**Task requirements**
Set down all of the data exactly. Pictures stay out of the copy.

**Source material**
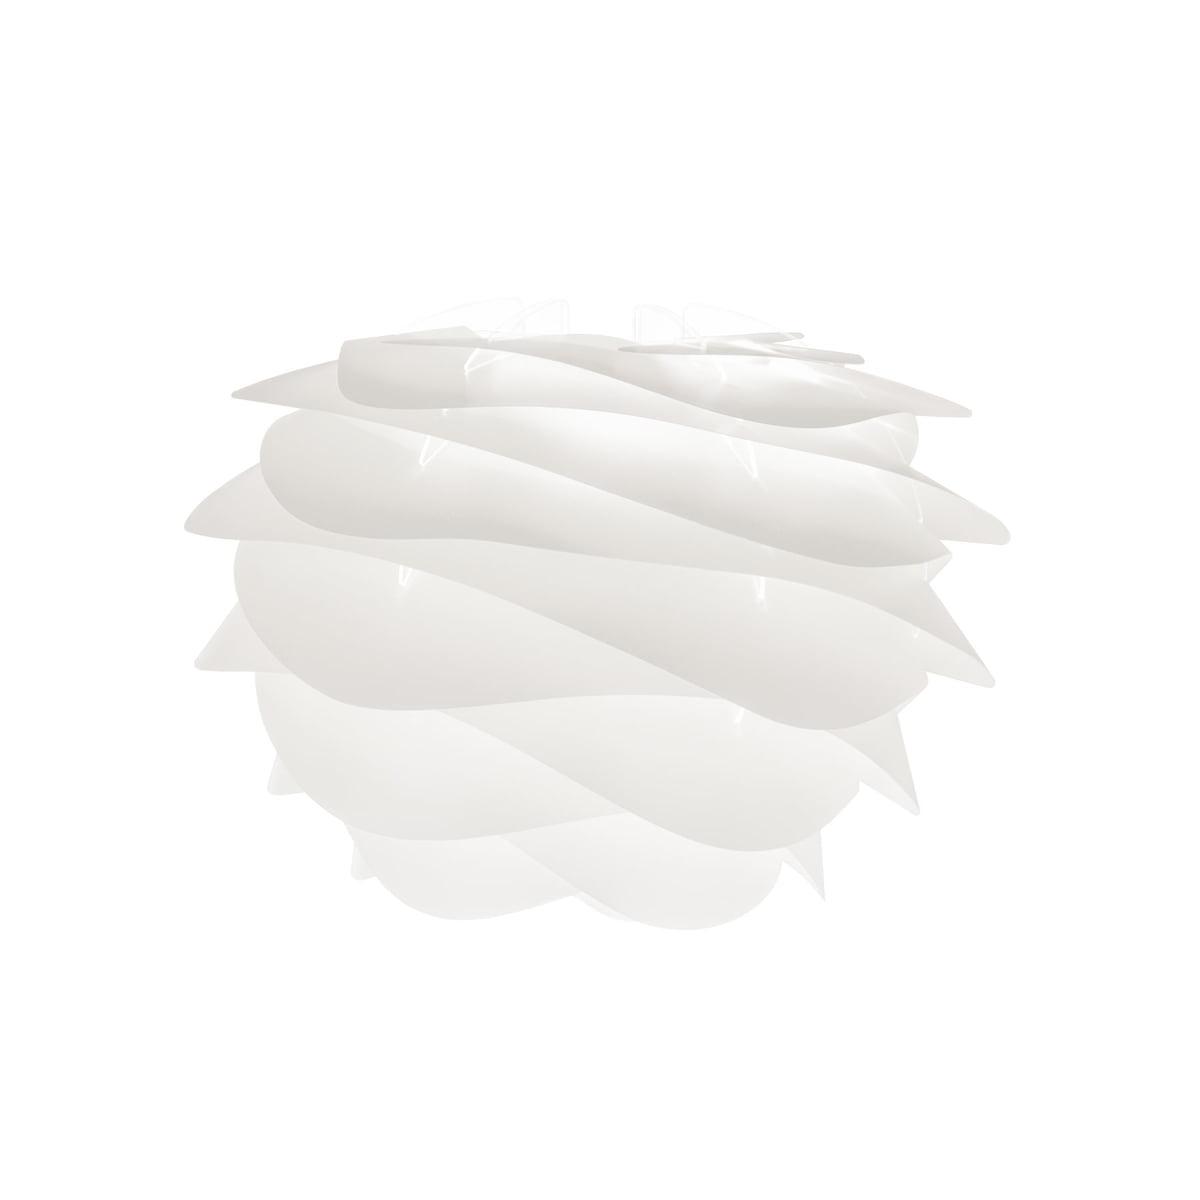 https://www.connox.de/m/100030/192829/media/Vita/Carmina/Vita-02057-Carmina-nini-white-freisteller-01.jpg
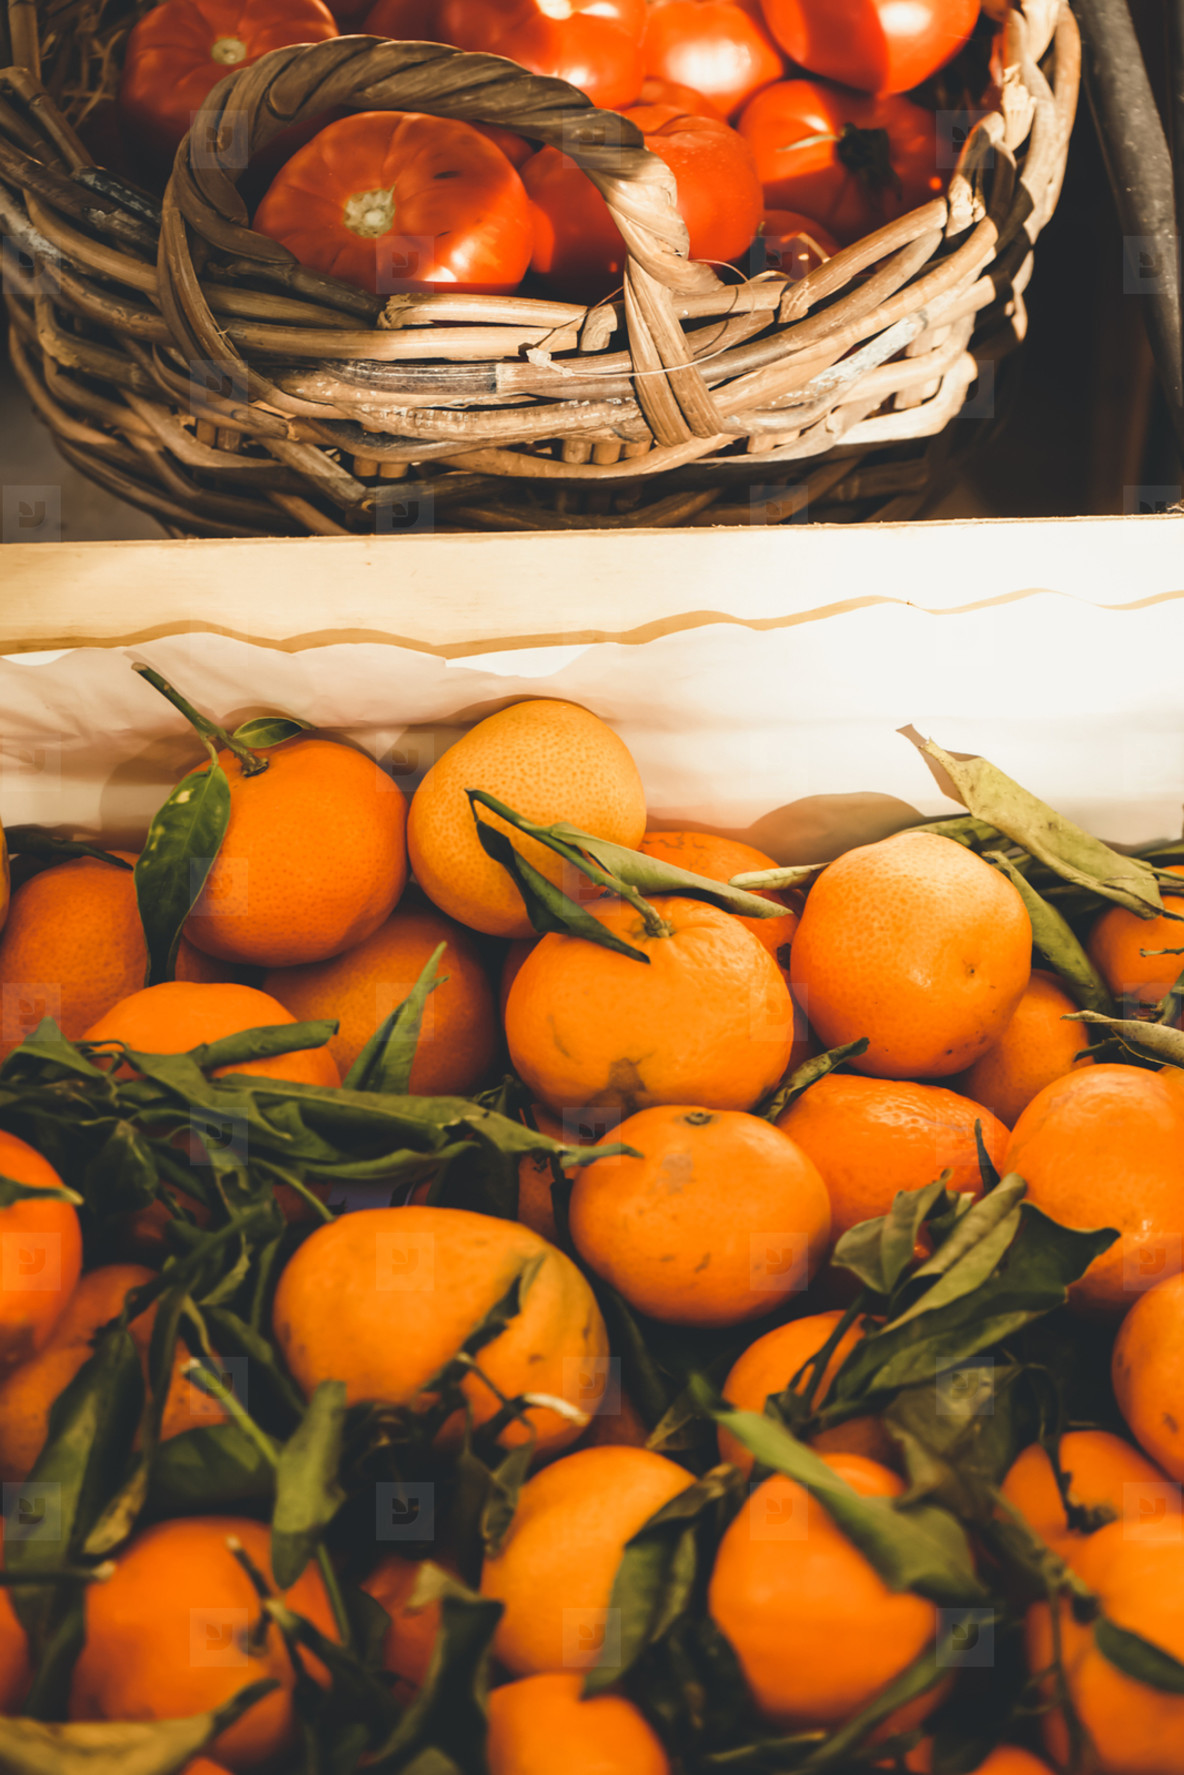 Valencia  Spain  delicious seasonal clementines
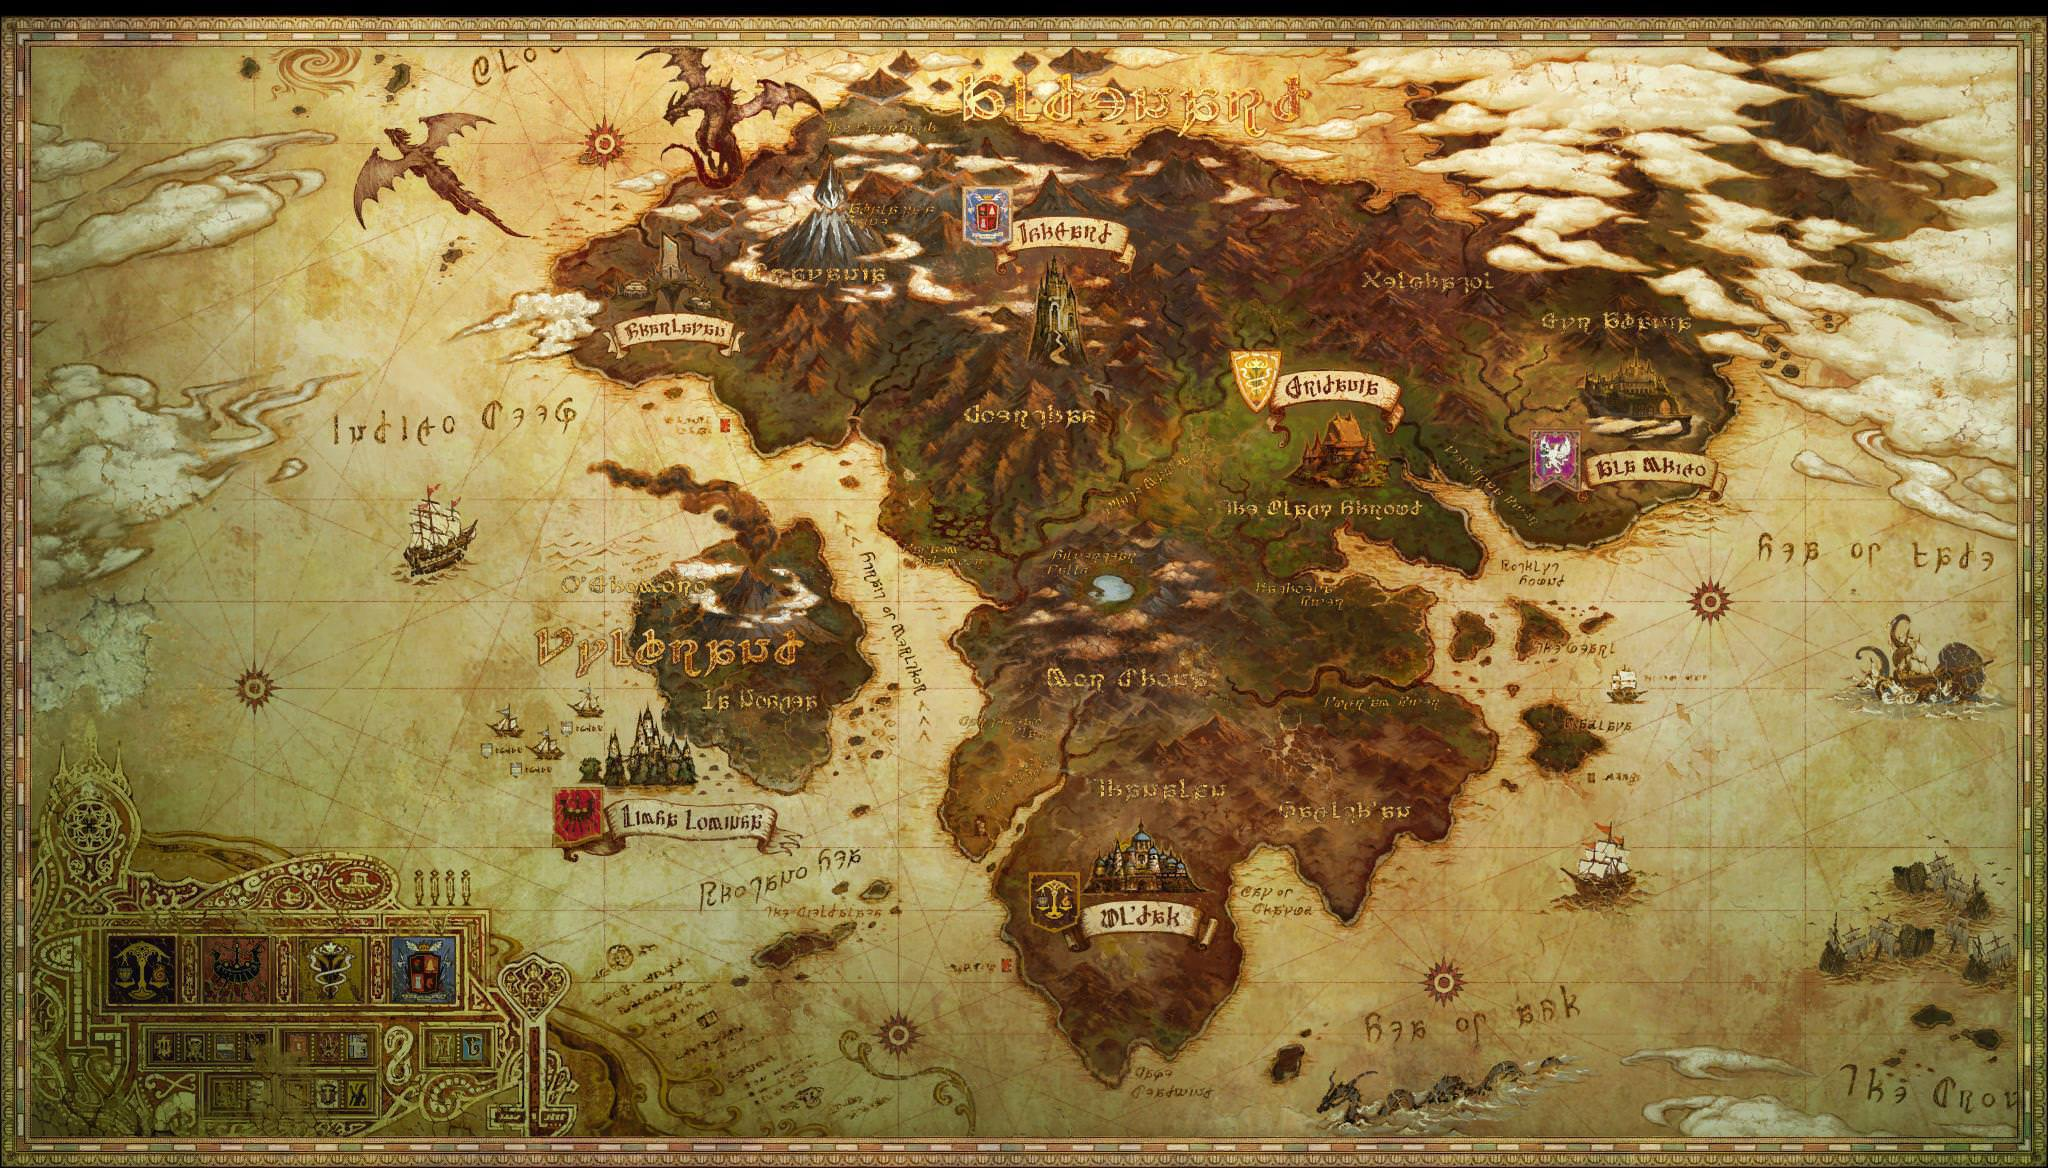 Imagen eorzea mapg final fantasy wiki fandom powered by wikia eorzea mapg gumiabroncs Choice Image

**Task output**
 https://www.connox.de/m/100030/192829/media/Vita/Carmina/Vita-02057-Carmina-nini-white-freisteller-01.jpg
 Valencia  Spain  delicious seasonal clementines
 Imagen eorzea mapg final fantasy wiki fandom powered by wikia eorzea mapg gumiabroncs Choice Image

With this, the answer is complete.